• [GIVEN MATERIAL]:

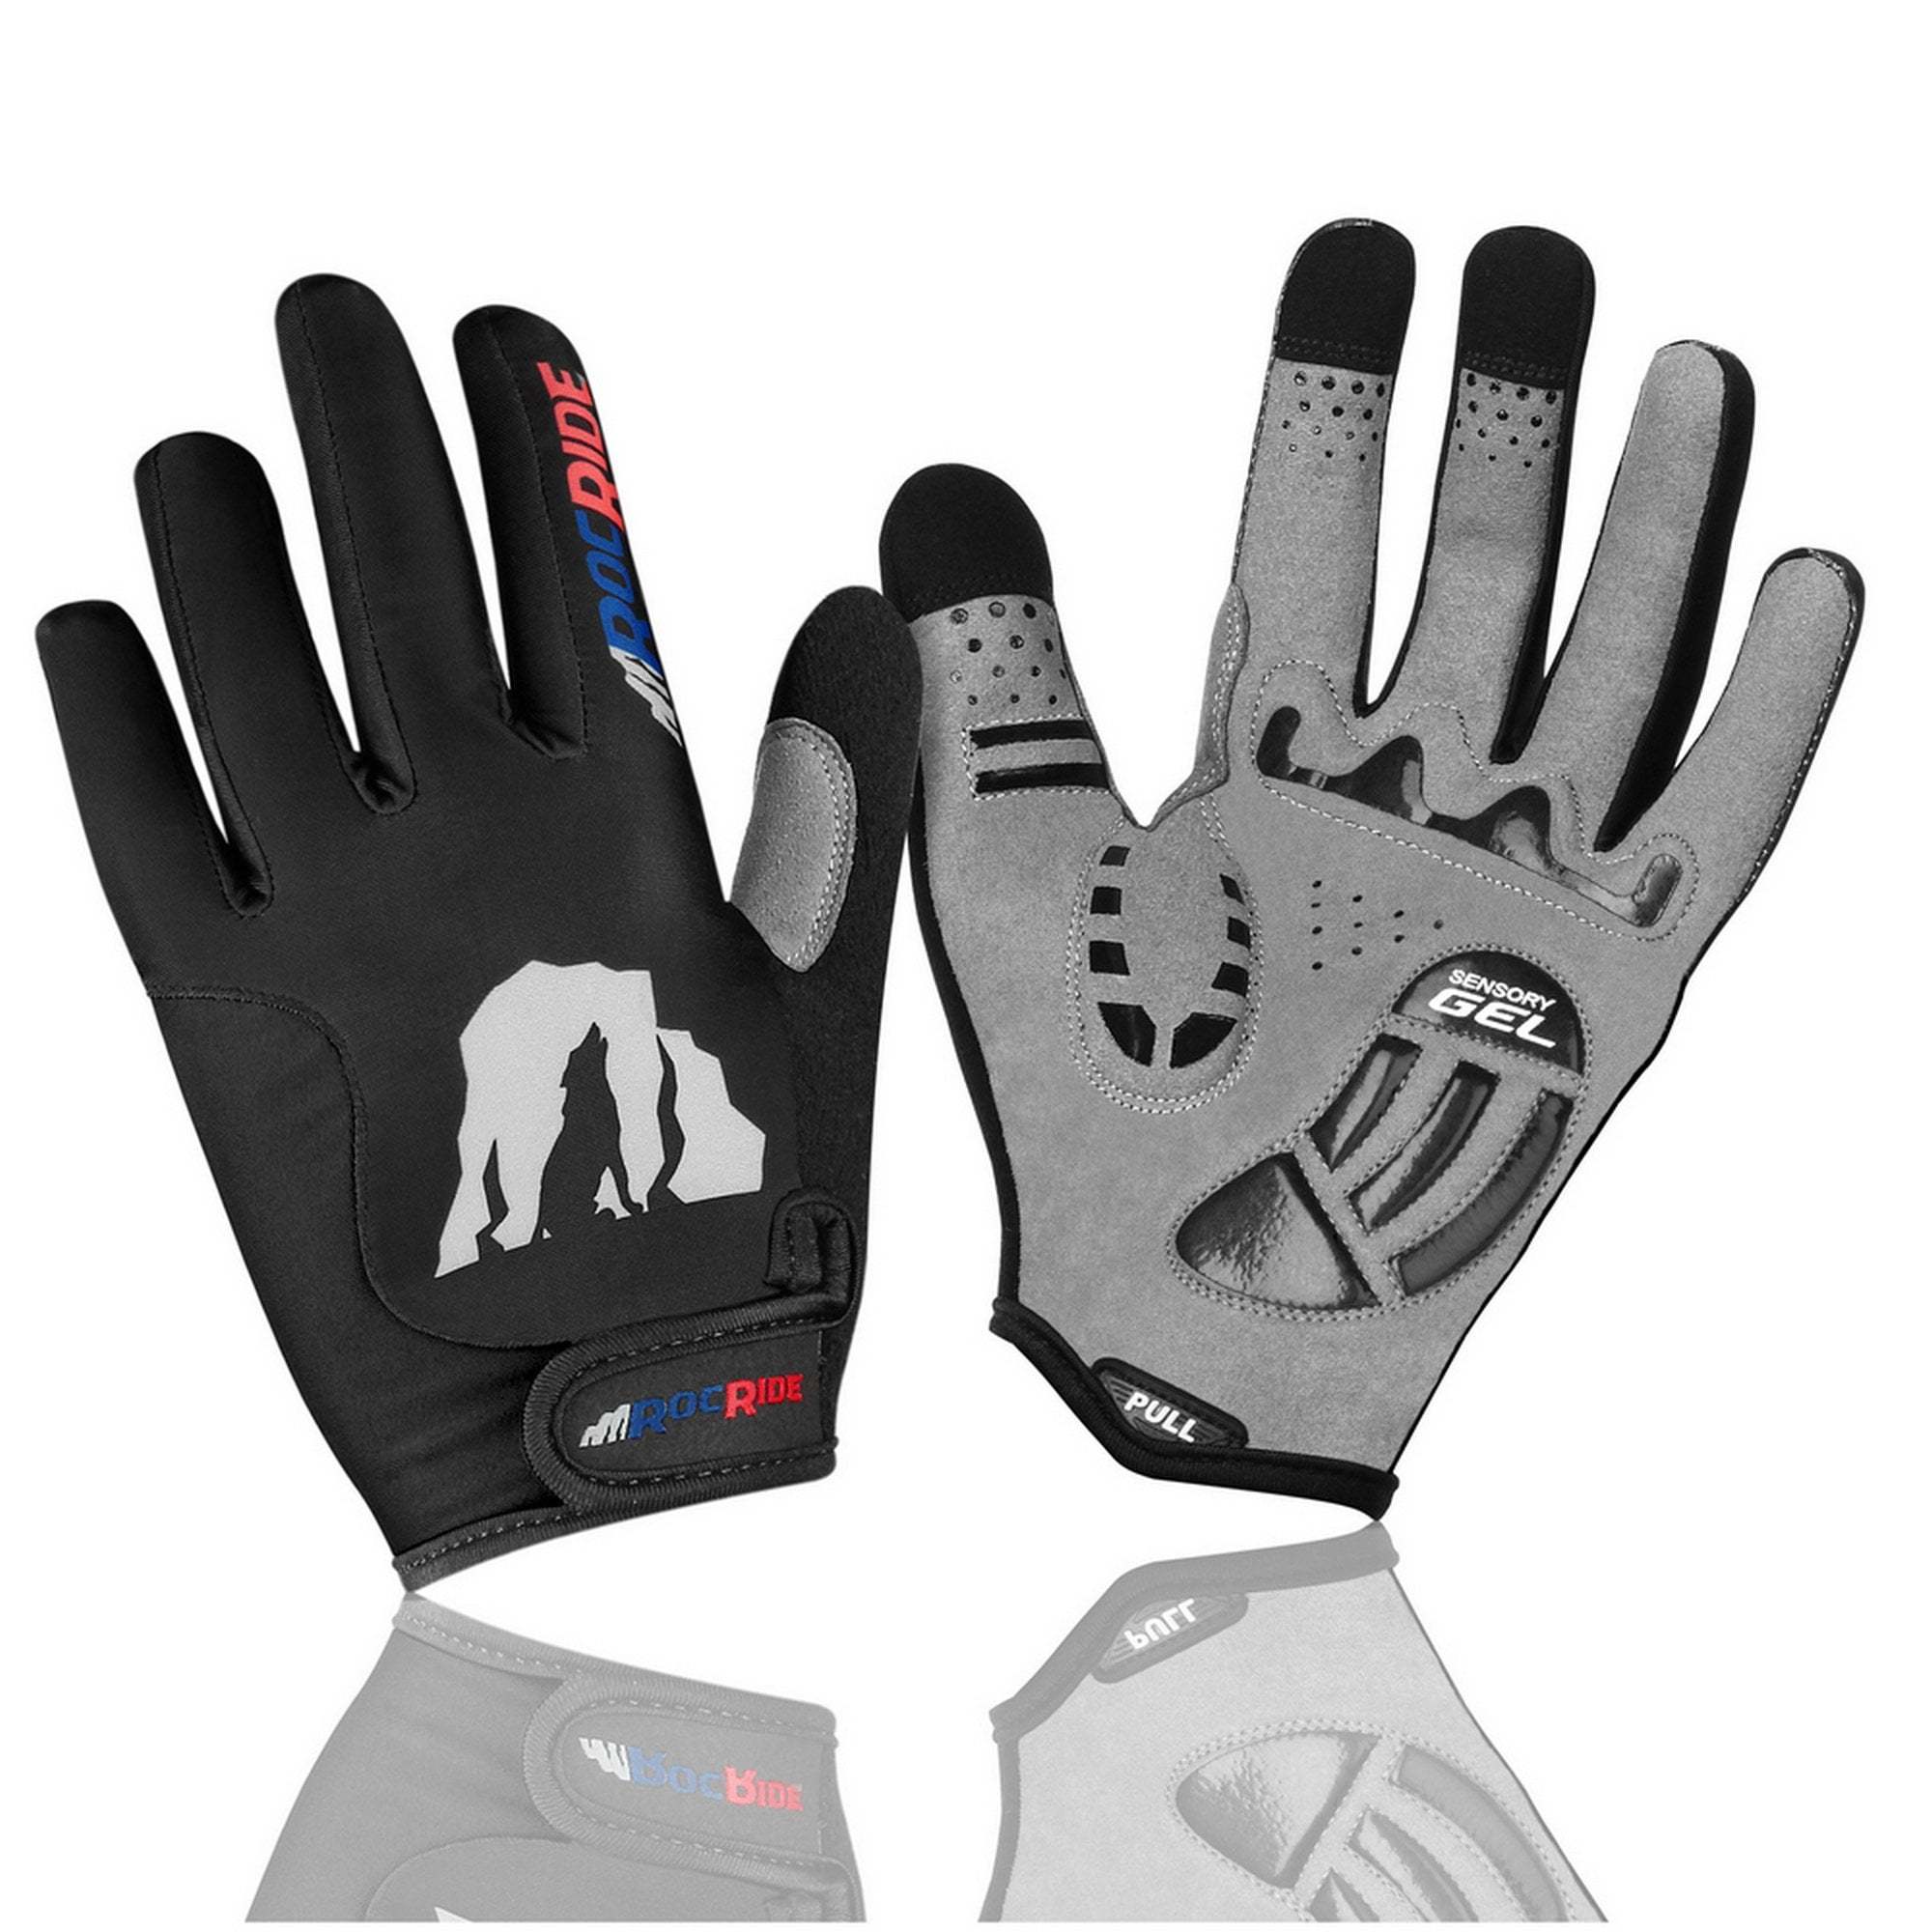 Souke Sports Winter Cycling Gloves Men Women Thermal Touch Screen Padded Bike Gloves for Mountain Biking Running 
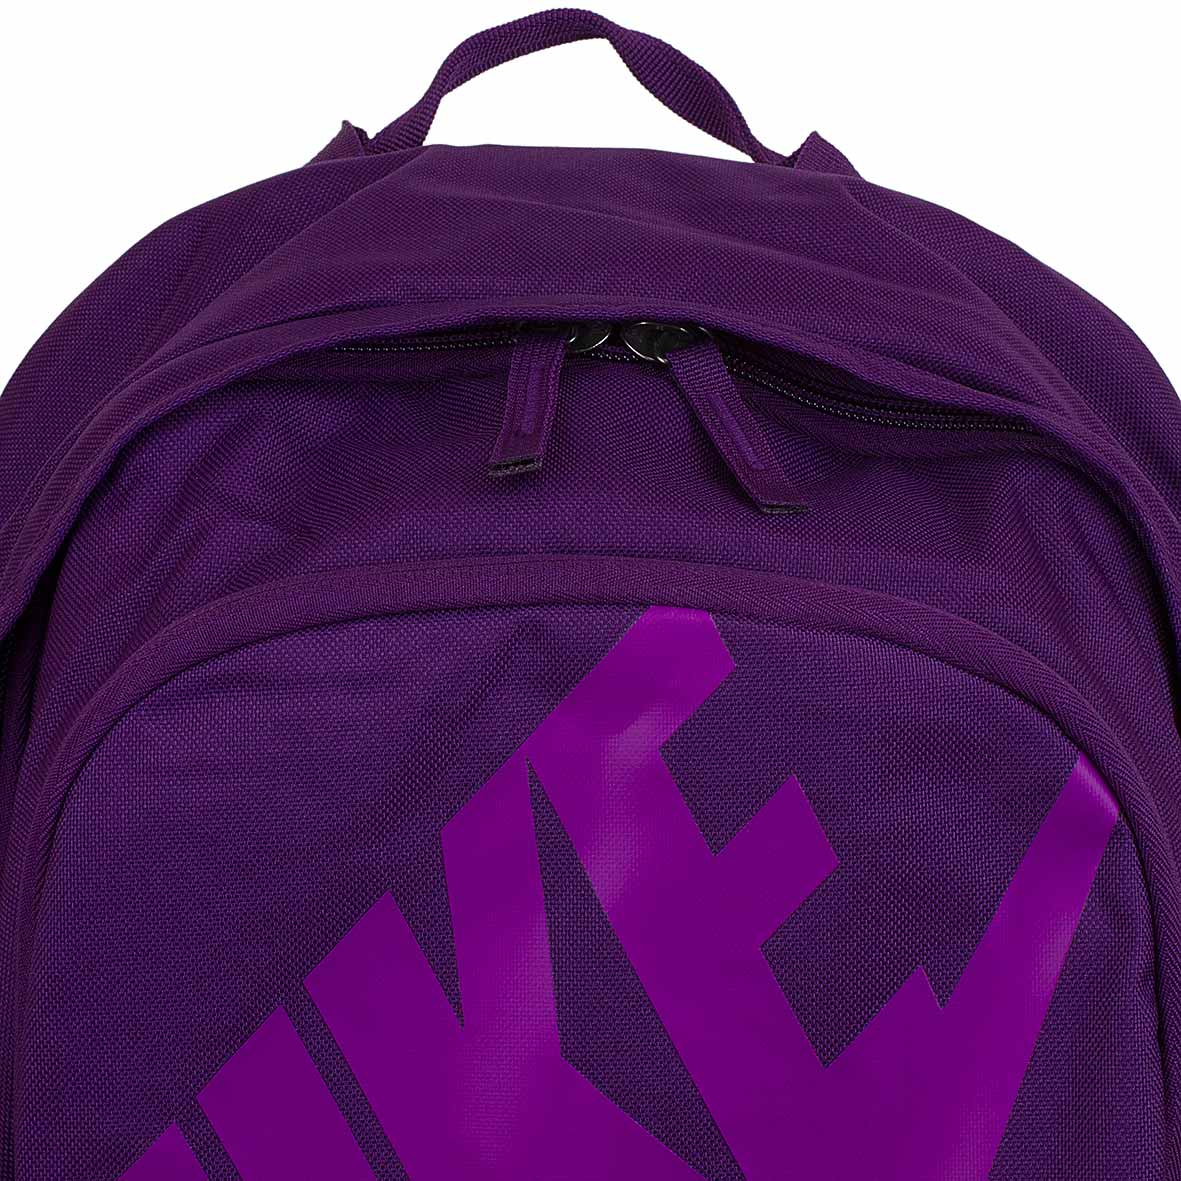 ☆ Nike Rucksack Hayward Futura 2.0 purple - hier bestellen!
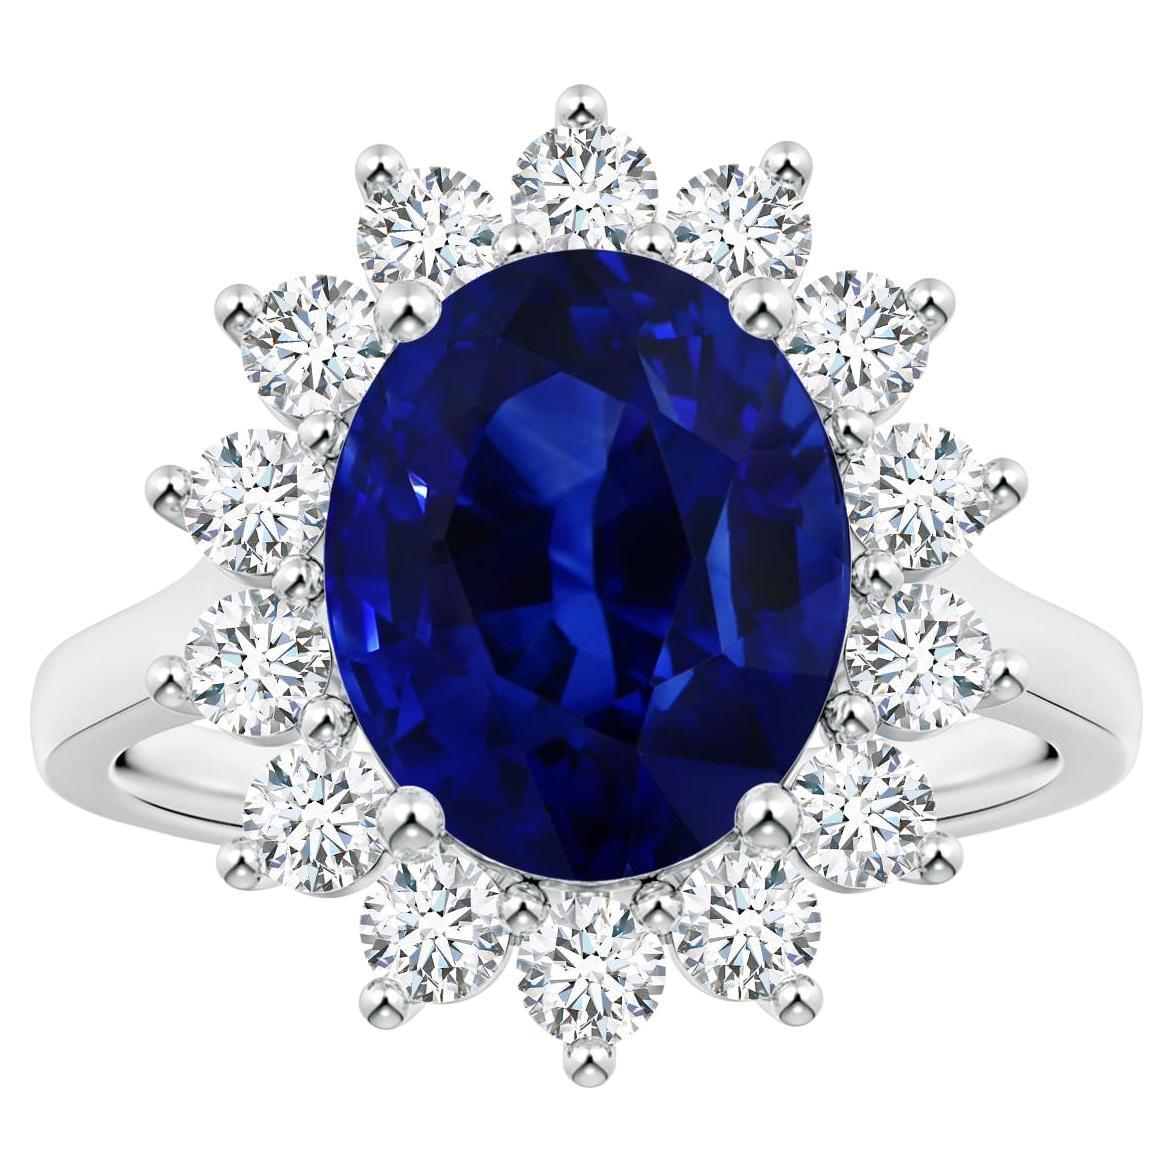 ANGARA Princess Diana Inspired GIA Certified Blue Sapphire Halo White Gold Ring

• [ACTIVITY]:
Every line above should be copied exactly, apart from any pictures.

• [OUTPUT FOR THIS TASK]:
 Souke Sports Winter Cycling Gloves Men Women Thermal Touch Screen Padded Bike Gloves for Mountain Biking Running 
 ☆ Nike Rucksack Hayward Futura 2.0 purple - hier bestellen!
 ANGARA Princess Diana Inspired GIA Certified Blue Sapphire Halo White Gold Ring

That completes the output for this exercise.